The global nickel market is expected to remain in surplus next year for a third consecutive year due to Indonesia’s continued output growth, Japan’s top nickel smelter Sumitomo Metal Mining (SMM) said on Tuesday.

The surplus is projected at 256,000 metric tons in 2026, slightly below 263,000 tons this year, as Indonesia’s production of low-grade nickel pig iron is forecast to rise 4.1% to 1.76 million tons, SMM said in its half-year market outlook presentation.

Indonesia’s nickel pig iron production is seen jumping 10.3% in 2025.

Global nickel demand is forecast to grow 2.4% year-on-year to 3.52 million tons in 2026, supported by steady stainless steel consumption, while supply is seen rising 2.0% to 3.78 million tons, according to SMM.

The forecast assumes no significant impact from US tariffs on demand as there has been limited effect so far this year, Shirou Imai, SMM’s general manager, told reporters.

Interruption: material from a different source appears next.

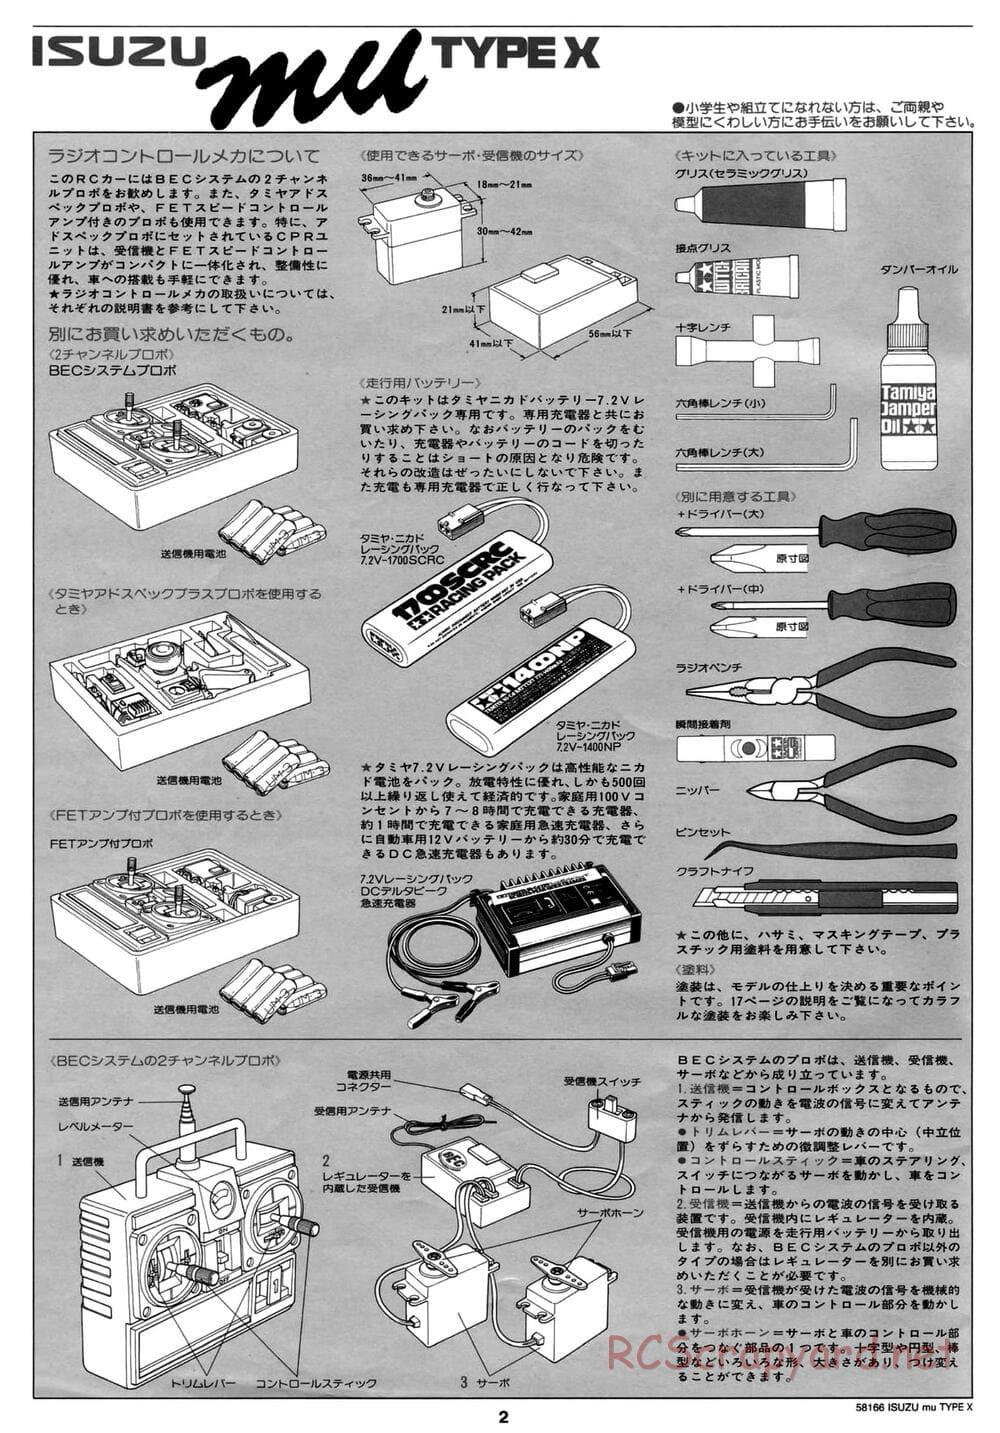 Tamiya - Isuzu Mu Type X - CC-01 Chassis - Manual - Page 2

“Demand growth will be driven by stainless steel, similar to 2025, while demand for batteries will likely stay slow, with growth rate expected to be modest,” Imai said.

Nickel is primarily used in stainless steel, but is also a key component in lithium-ion batteries that power electric vehicles (EVs).

However, demand growth has slowed as lithium-iron-phosphate (LFP) batteries, which are cheaper and contain no nickel or cobalt, gain market share, accounting for two-thirds of EV sales in China in 2023, according to the International Energy Agency.

SMM, which supplies cathode materials for Panasonic lithium-ion batteries used in Tesla EVs, expects global nickel demand for batteries to rise to 470,000 tons next year, up only 10,000 tons from 2025.

“Demand for nickel-rich conventional EV batteries is likely to pick up over the longer term as China is restricting on exporting LFP technology,” Imai said.